Your copy of the data should match it exactly, leaving out only the pictures.

:: INPUT DATA ::

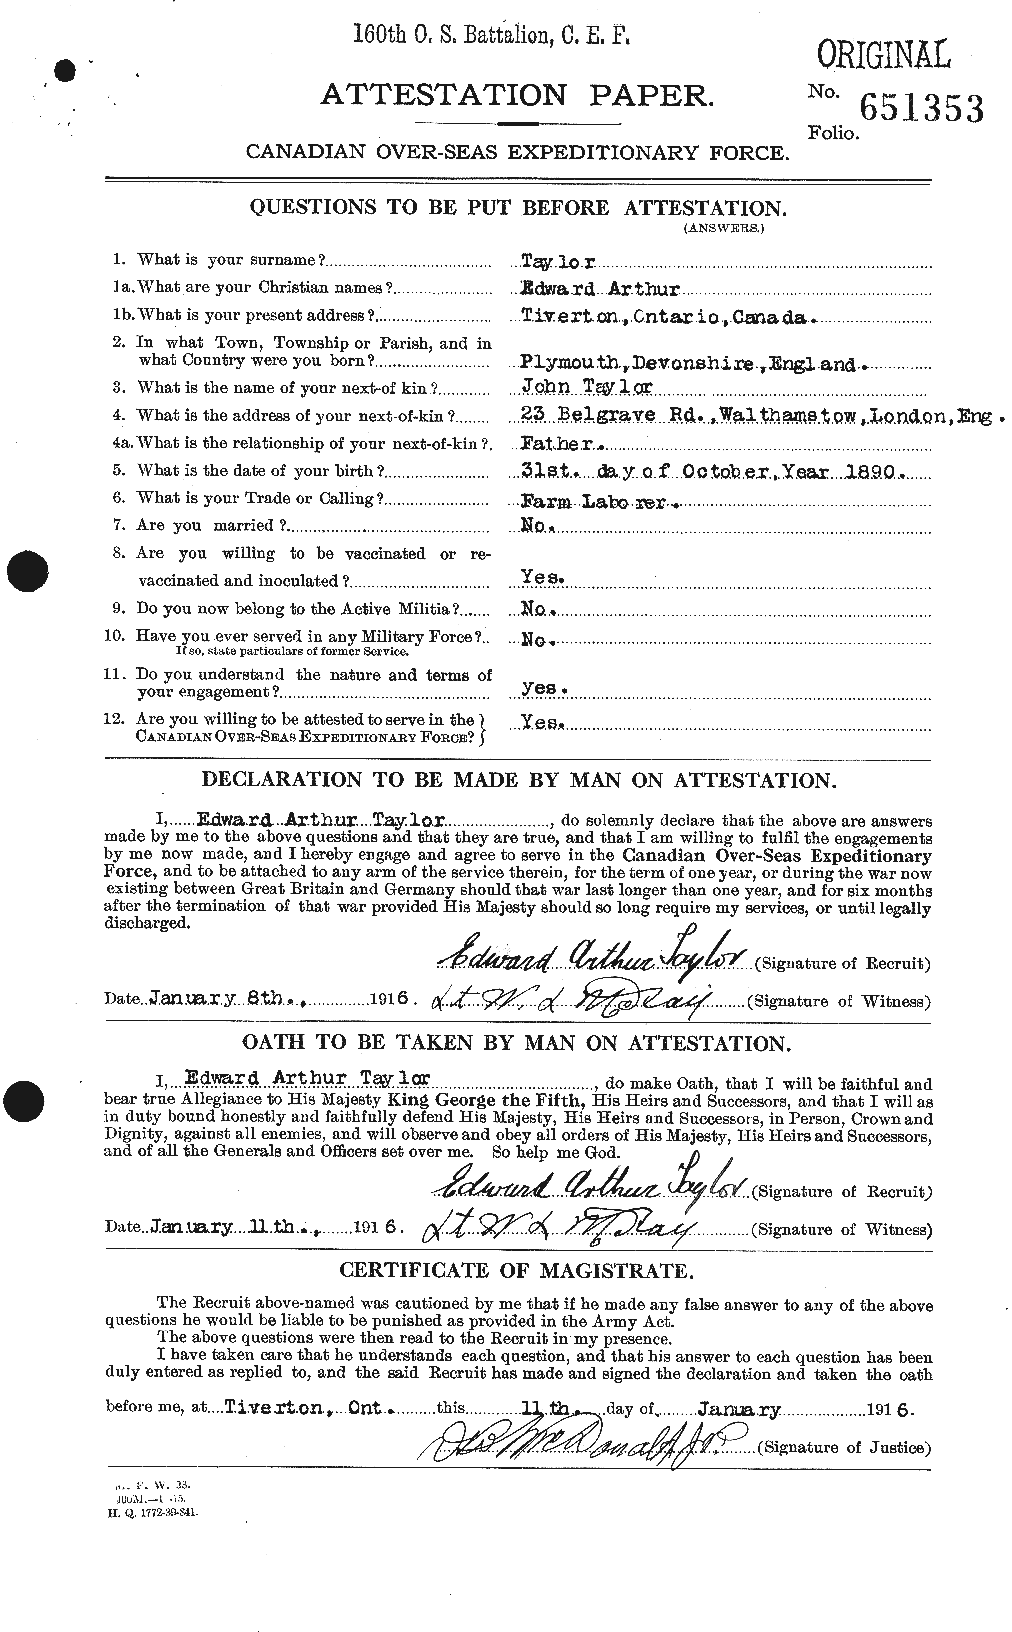 Dossiers du Personnel de la Première Guerre mondiale - CEC 627300a
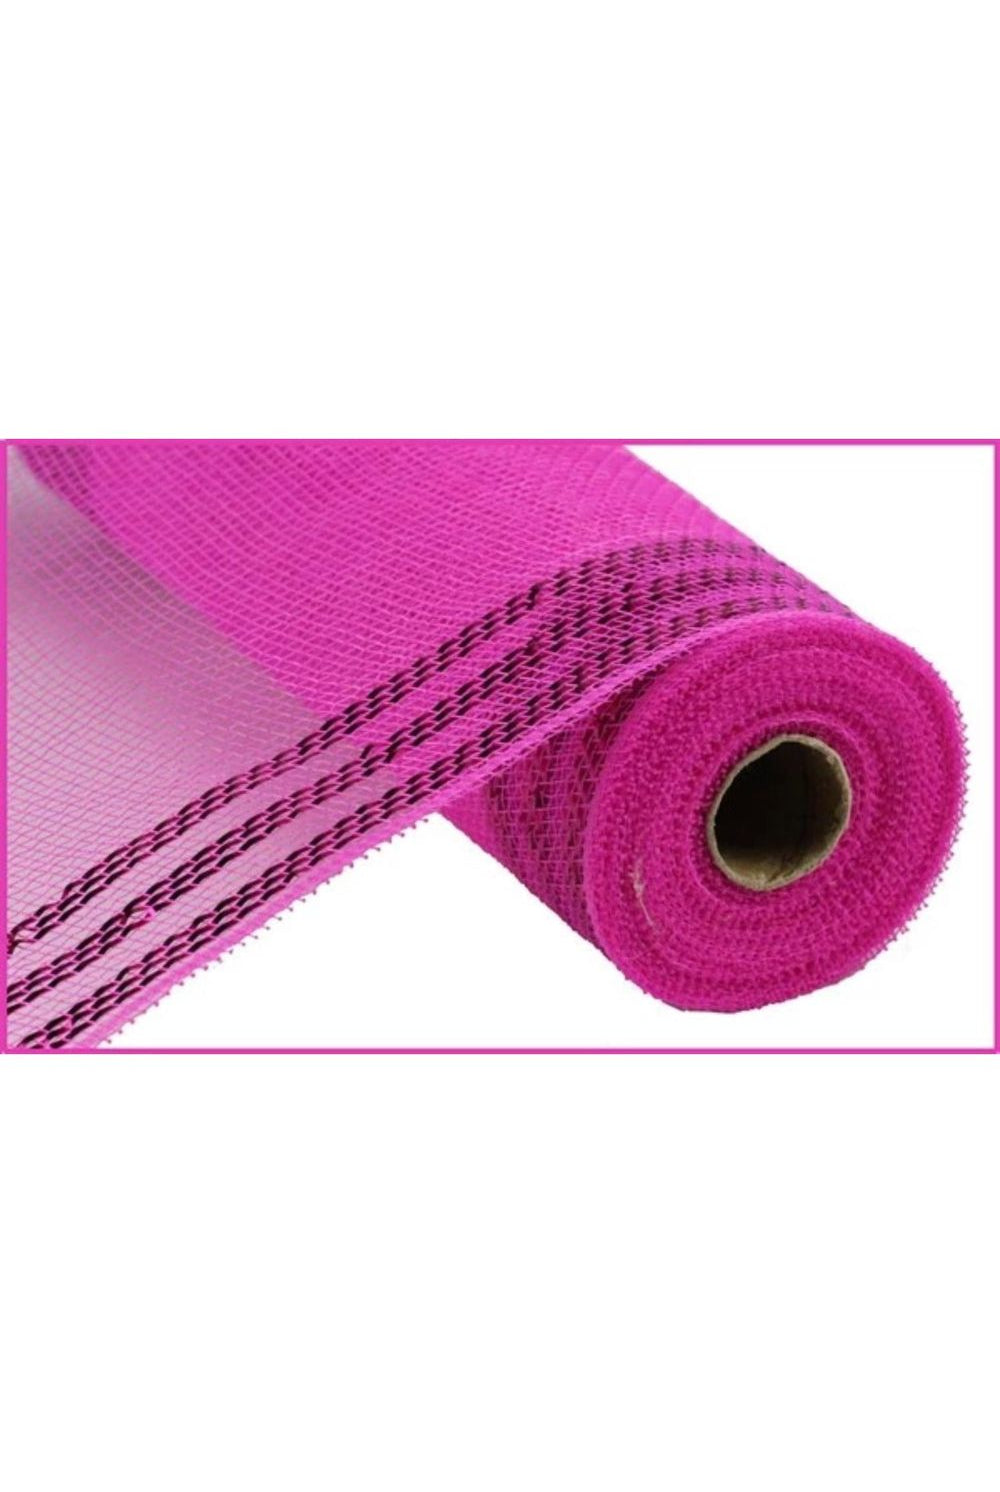 Shop For 10.5" Border Stripe Metallic Mesh: Hot Pink (10 Yards) RY850211
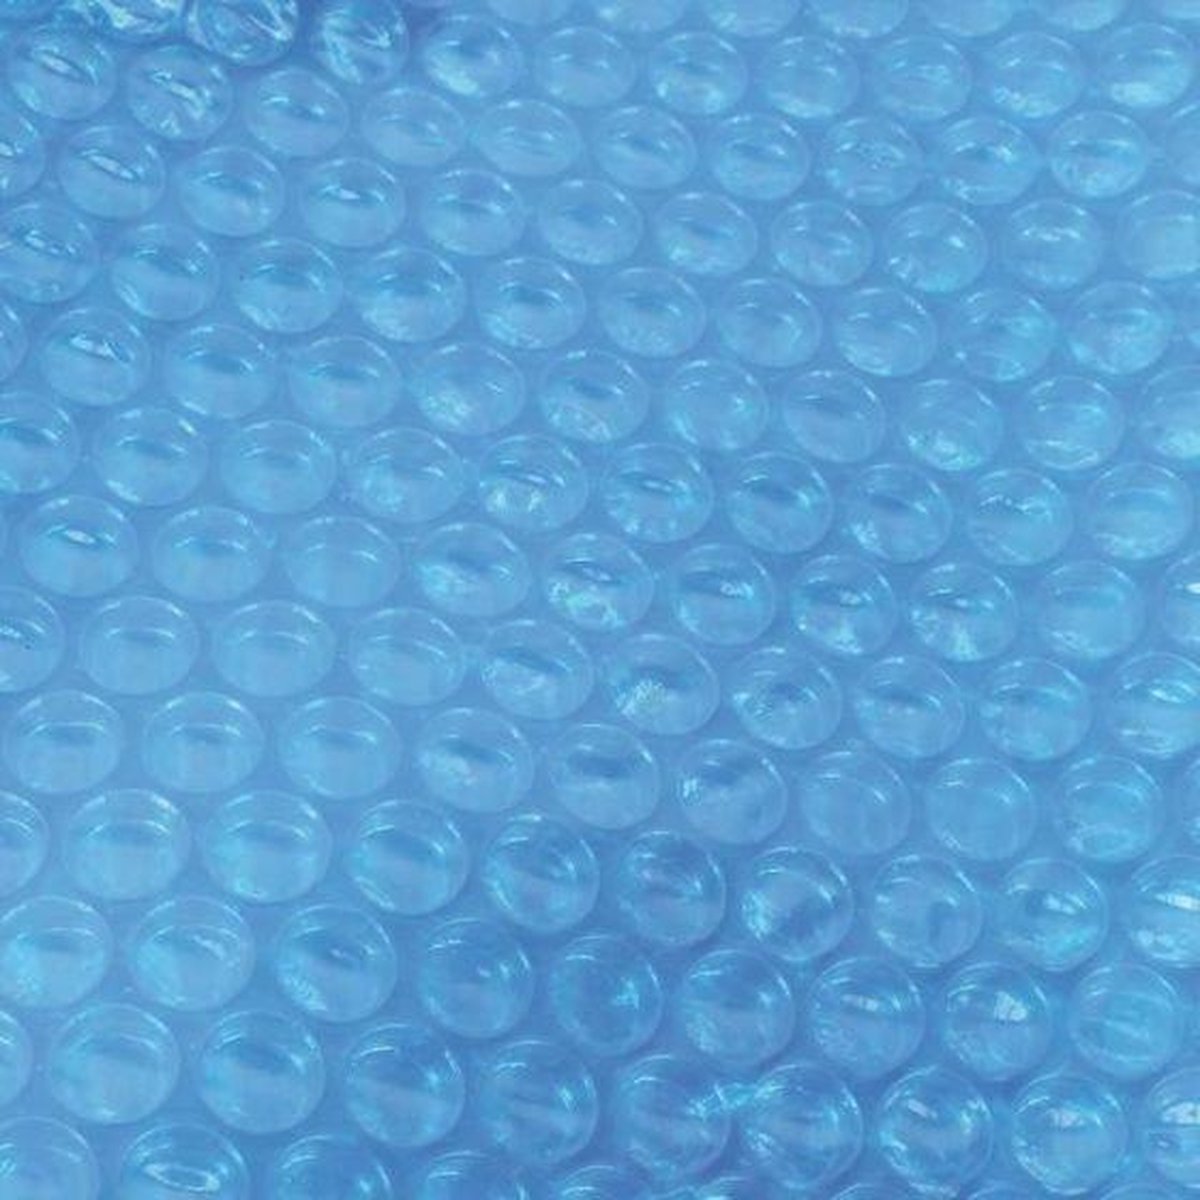 Comfortpool Solarzeil 956x488 cm noppenfolie

:::

RESULT OF THIS TASK>
 Dossiers du Personnel de la Première Guerre mondiale - CEC 627300a
 Shop For 10.5" Border Stripe Metallic Mesh: Hot Pink (10 Yards) RY850211
 Comfortpool Solarzeil 956x488 cm noppenfolie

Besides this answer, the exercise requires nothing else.